When Mrs. Miles Poindexter, wife of the onetime (1923-28) U. S. Ambassador to Peru, returned to Washington from Lima she brought with her one Cornelius, capable Peruvian servant. She was pleased with Cornelius, but Cornelius was not pleased with his salary. Consulting Alfredo Gonzalez-Prada. Charge d'Affaires and First Counselor of the Peruvian Embassy, he learned that in the U. S. no servants are "indentured," that all can do as they please. He also learned that Senor Gonzalez-Prada wanted a servant. Thereupon Cornelius left the Poindexter household, went to the Prada household. Vexed, used to her own way, Mrs. Poindexter had her husband complain to President Augusto B. Leguia of Peru. Eager to please, President Leguia ordered Senor Gonzalez-Prada to return Cornelius to the Poindexters.
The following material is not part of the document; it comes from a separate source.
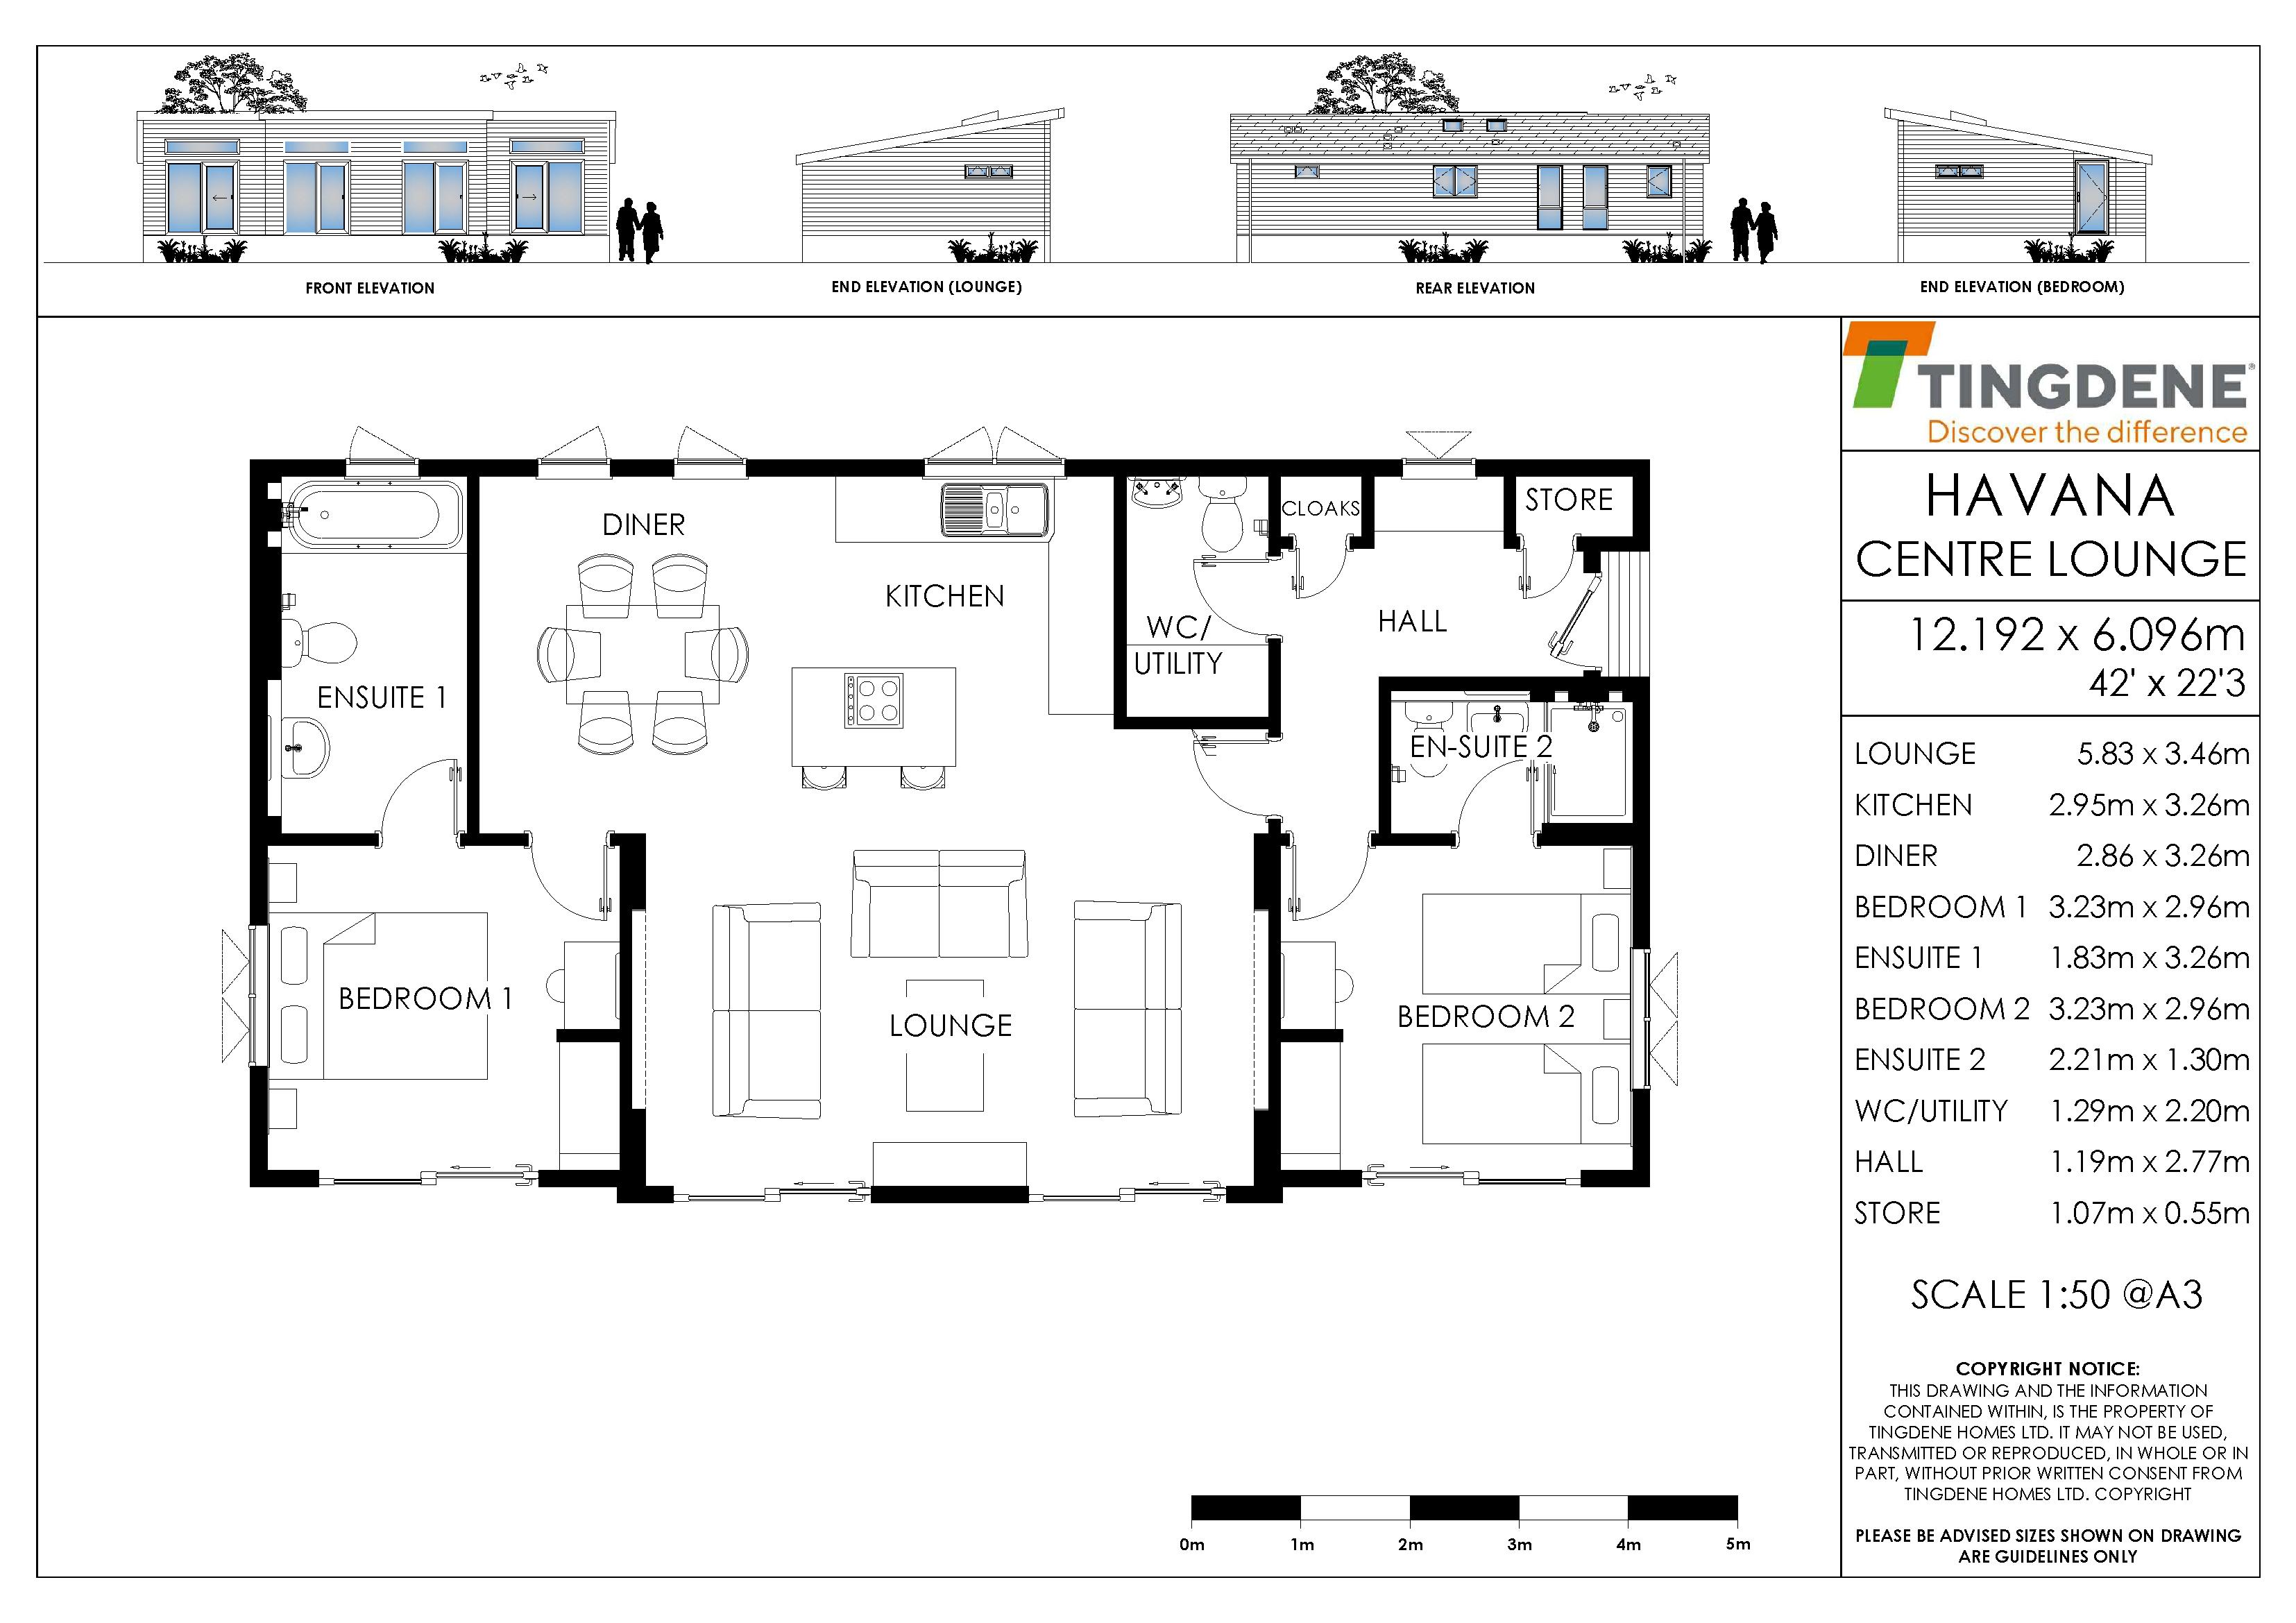 The Havana Centre Lounge Floorplan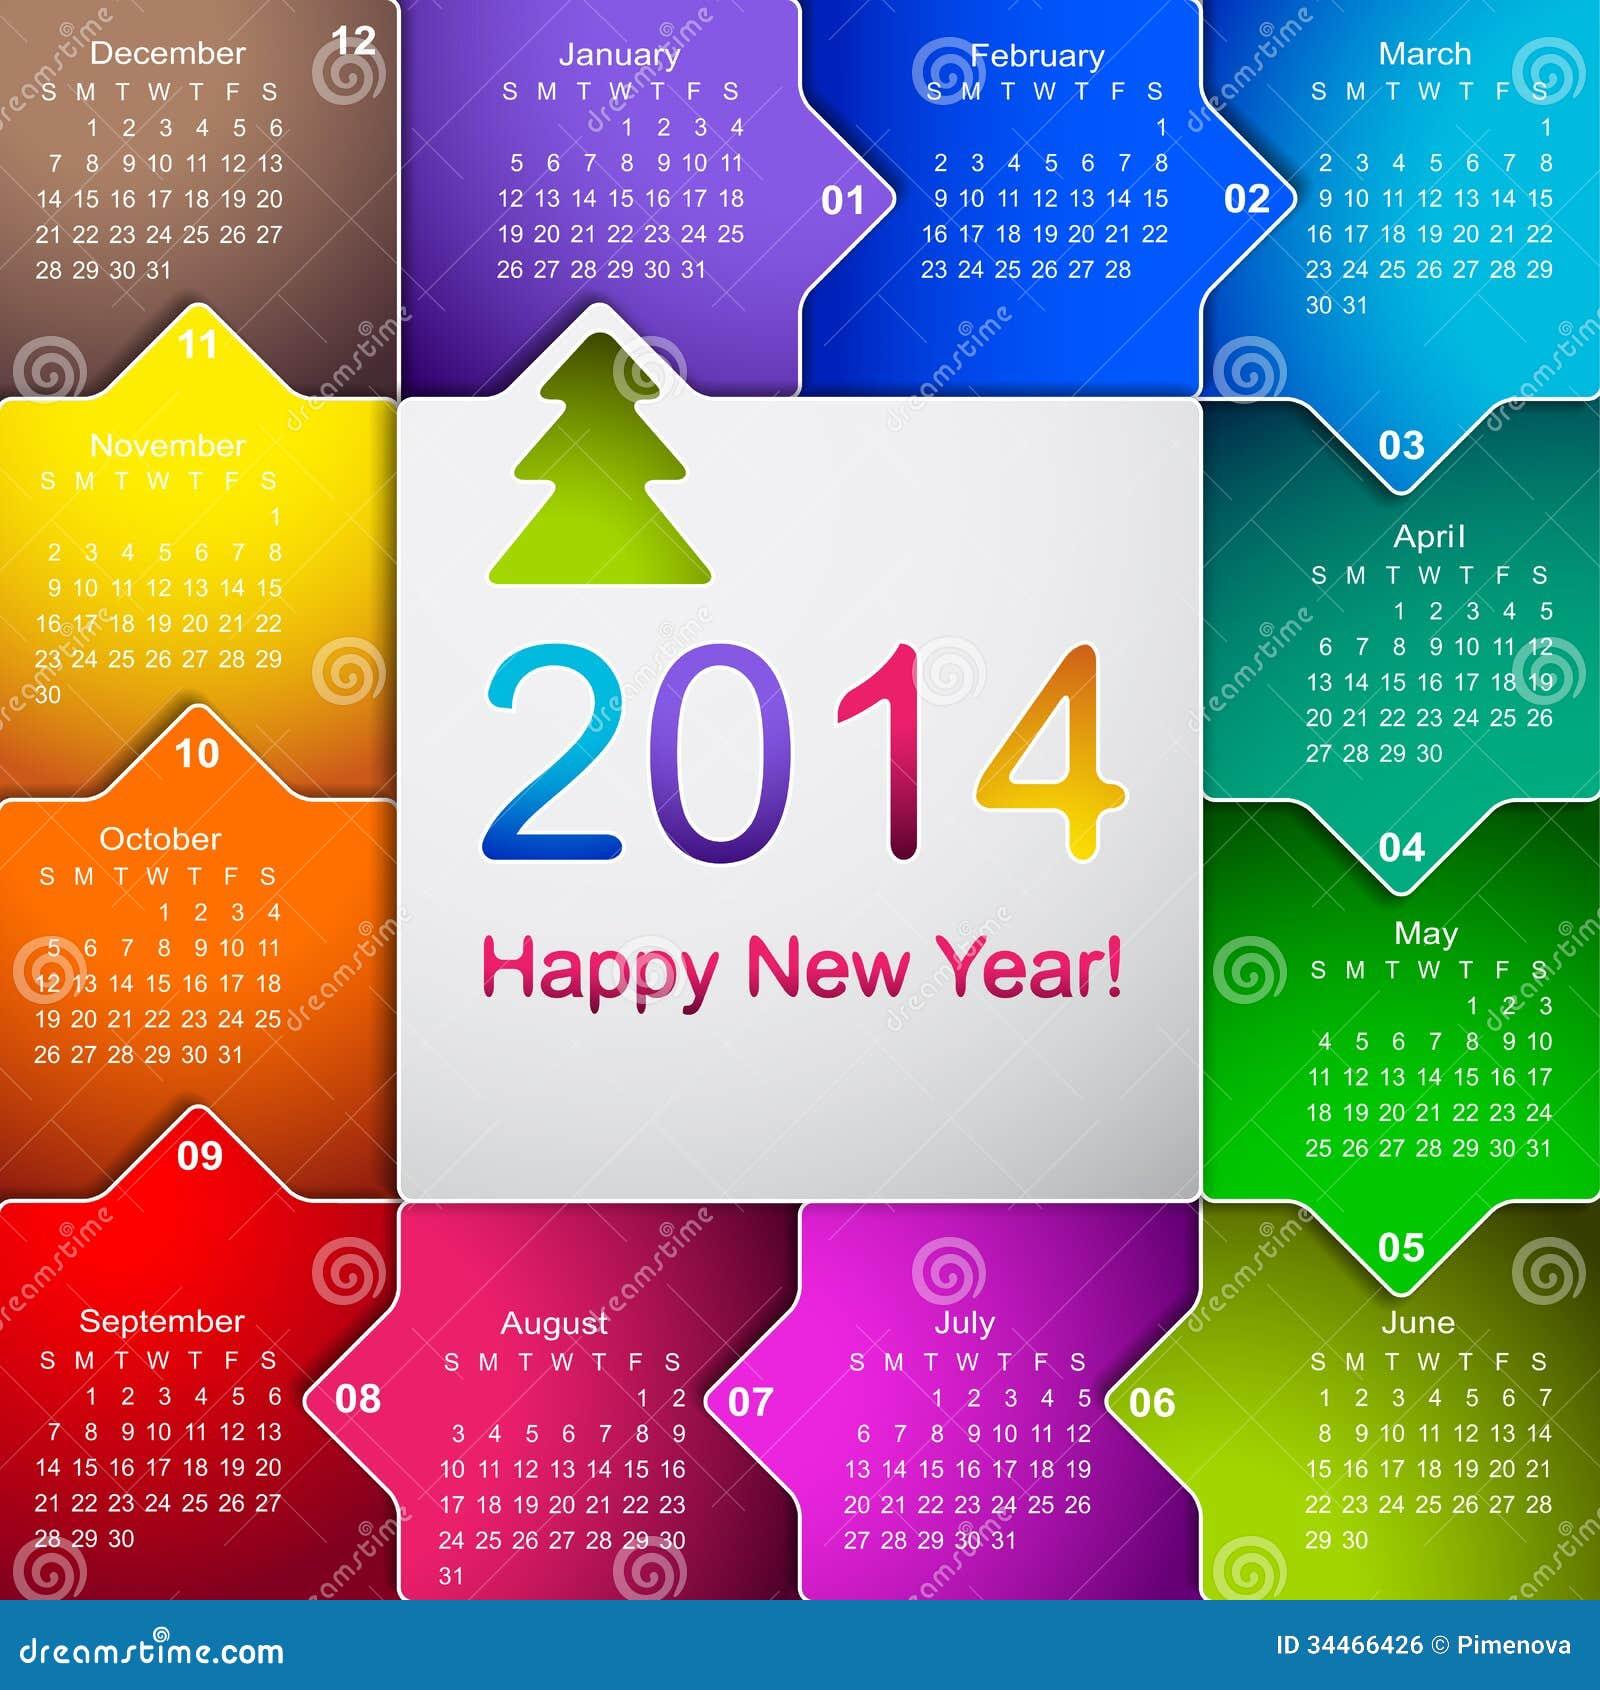 corporate wall calendar

Senor Gonzalez-Prada thereupon, last week, cabled his resignation, saying: "The orders contained in your cablegram are unjust and I shall not carry them out." He suspected the Cornelius episode had been used as an excuse to discomfit him. Washington credited Mrs. Poindexter, famed for her knowledge of the gossip of officialdom, with having this time created an Incident herself.
Henry Ford, of booze-dripping Detroit, in an article for the current Pictorial Review, announced: "If booze ever comes back to the United States I am through with manufacturing."
Mr. Ford last week bought for a reputed price of $10,000 the 200-acre Vaucluse gold mine in Orange County, Va., never profitably worked since pre-Civil War days.
Commander Richard Evelyn Byrd and his mates in Little America, Antarctica, saw the sun again as southern hemisphere spring approached. Commander Byrd hoisted the U. S. flag--also British and Norwegian flags--for the first time since April and said: "This is a big day for us, because of the return of the sun, and a bigger day because it is Larry's [Laurence McKinley Gould, second-in-command] birthday." Wrote Russell Owens, official correspondent (New York Times]: "The ice cliffs sparkled like gigantic mirrors winking back a message of welcome to the sun as if there was some secret understanding between them and they were amused at our boisterous happiness."